◆ DATA SECTION
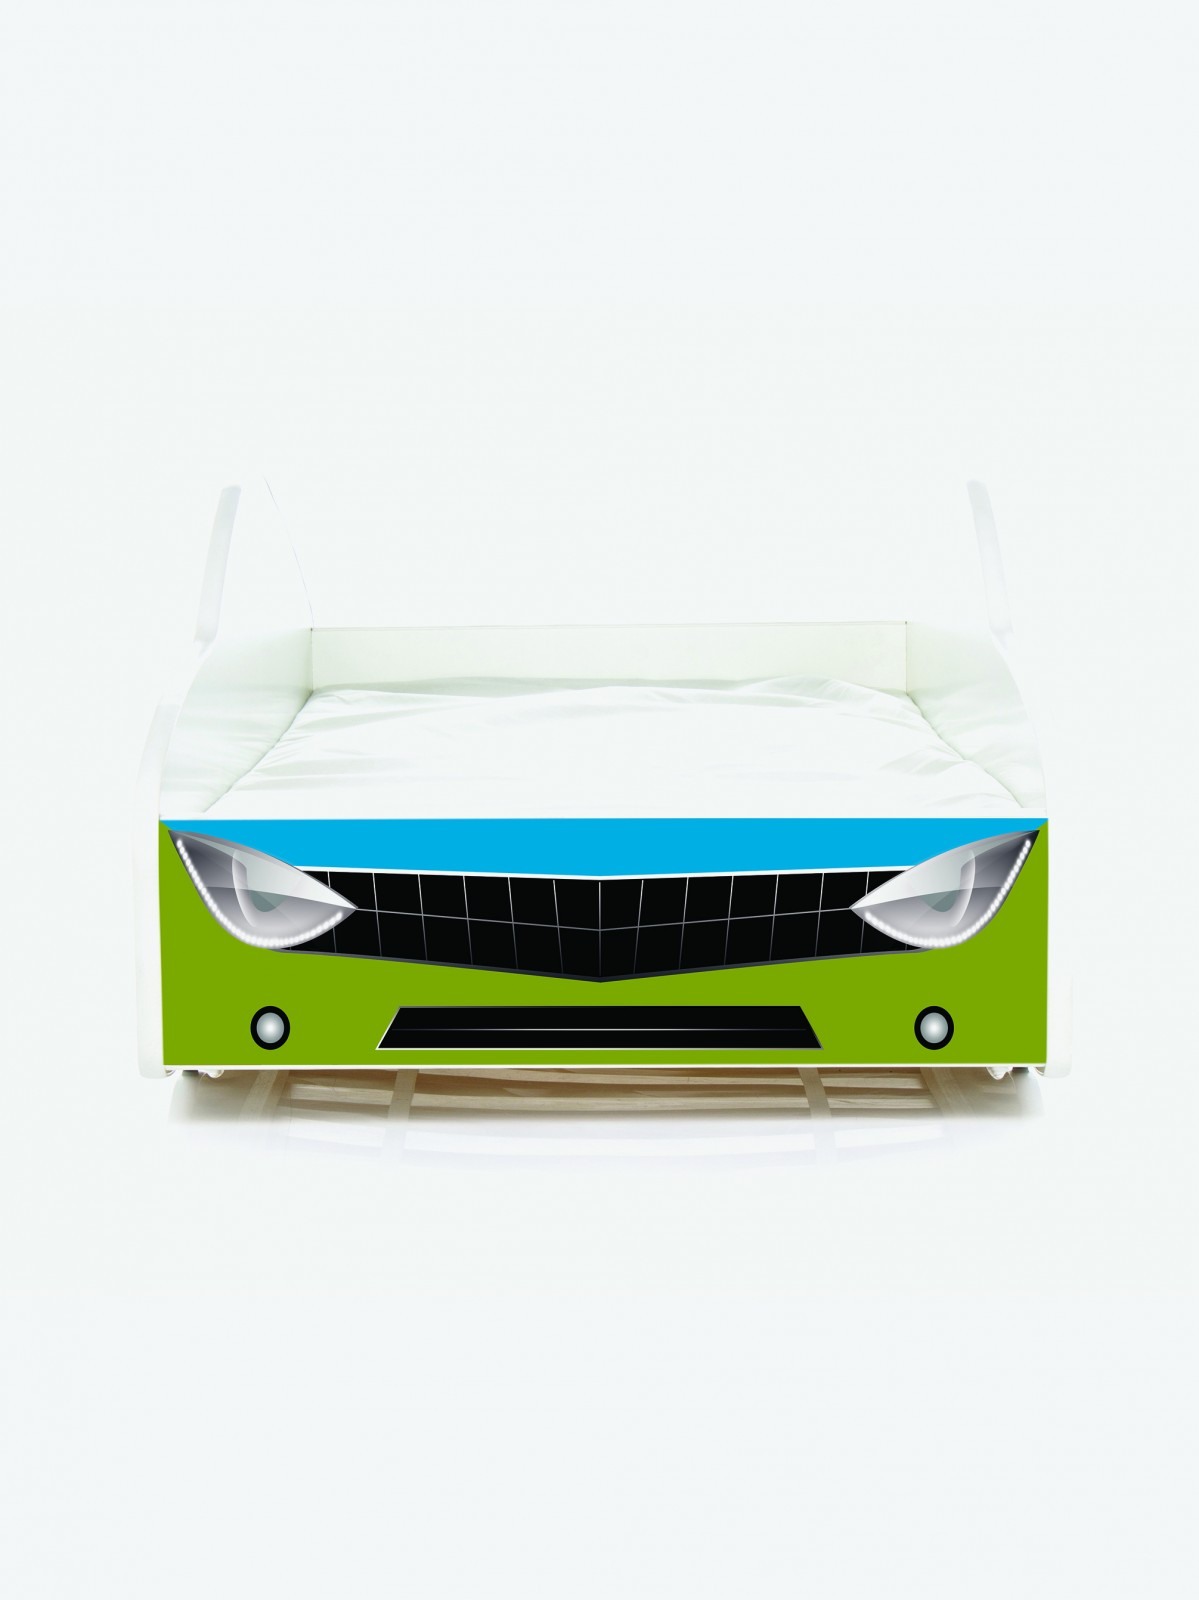 auto kinderbett nobiko mit matratze und lattenrost oliv blau 8 180x80cm. Black Bedroom Furniture Sets. Home Design Ideas
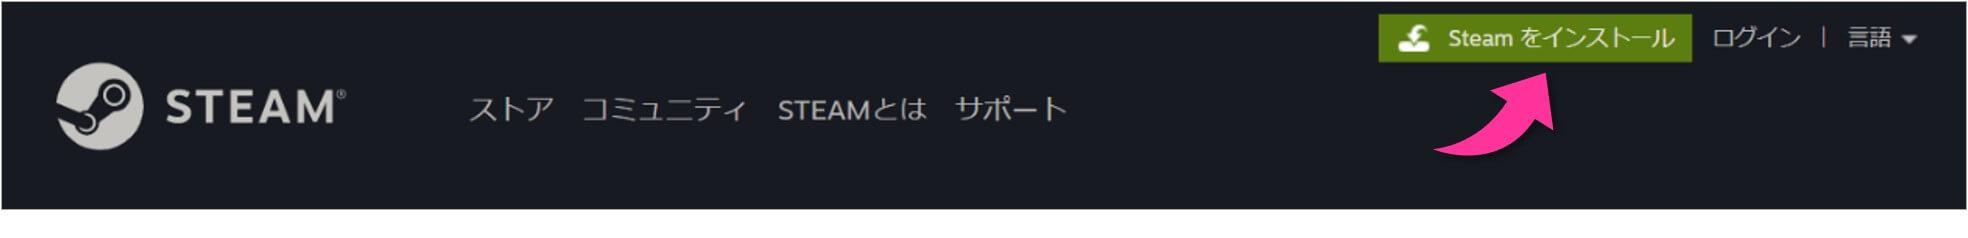 「Steamをインストール」からSteamアプリをインストール
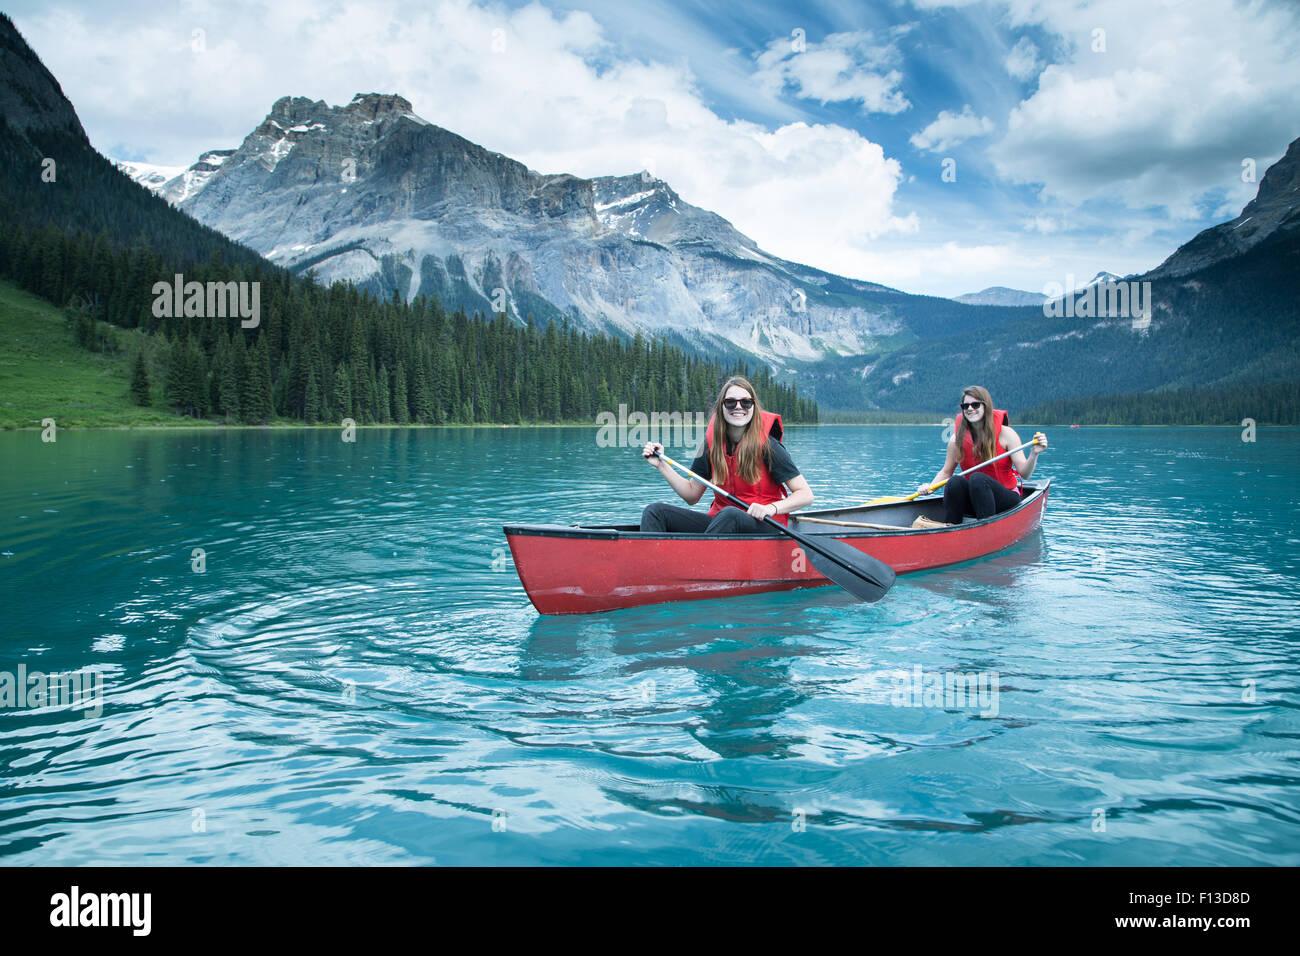 Zwei Mädchen, Kajak, Yoho Nationalpark, Britisch-Kolumbien, Kanada Stockbild
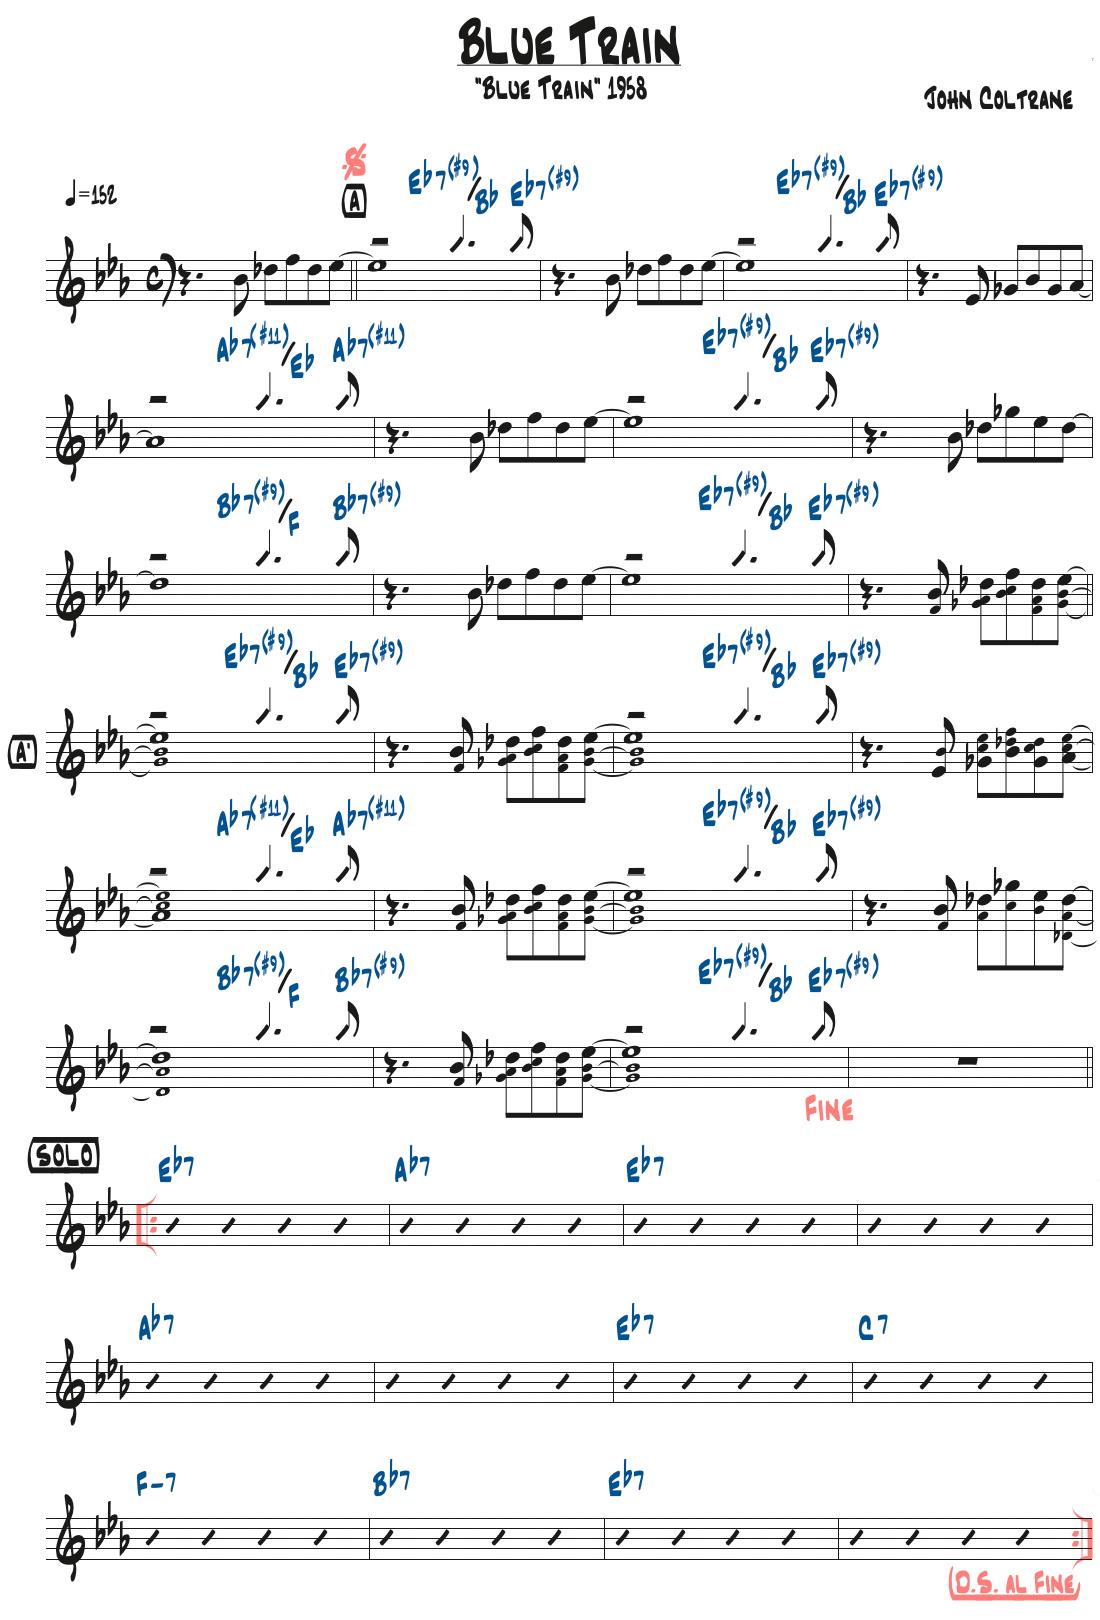 John Coltrane作曲『Blue Train』のリードシート

◆ EXERCISE DETAILS
Extract the full listing exactly, with the pictures left out.

◆ RESPONSE TO THE EXERCISE
 auto kinderbett nobiko mit matratze und lattenrost oliv blau 8 180x80cm. Black Bedroom Furniture Sets. Home Design Ideas
 「Steamをインストール」からSteamアプリをインストール
 Zwei Mädchen, Kajak, Yoho Nationalpark, Britisch-Kolumbien, Kanada Stockbild
 John Coltrane作曲『Blue Train』のリードシート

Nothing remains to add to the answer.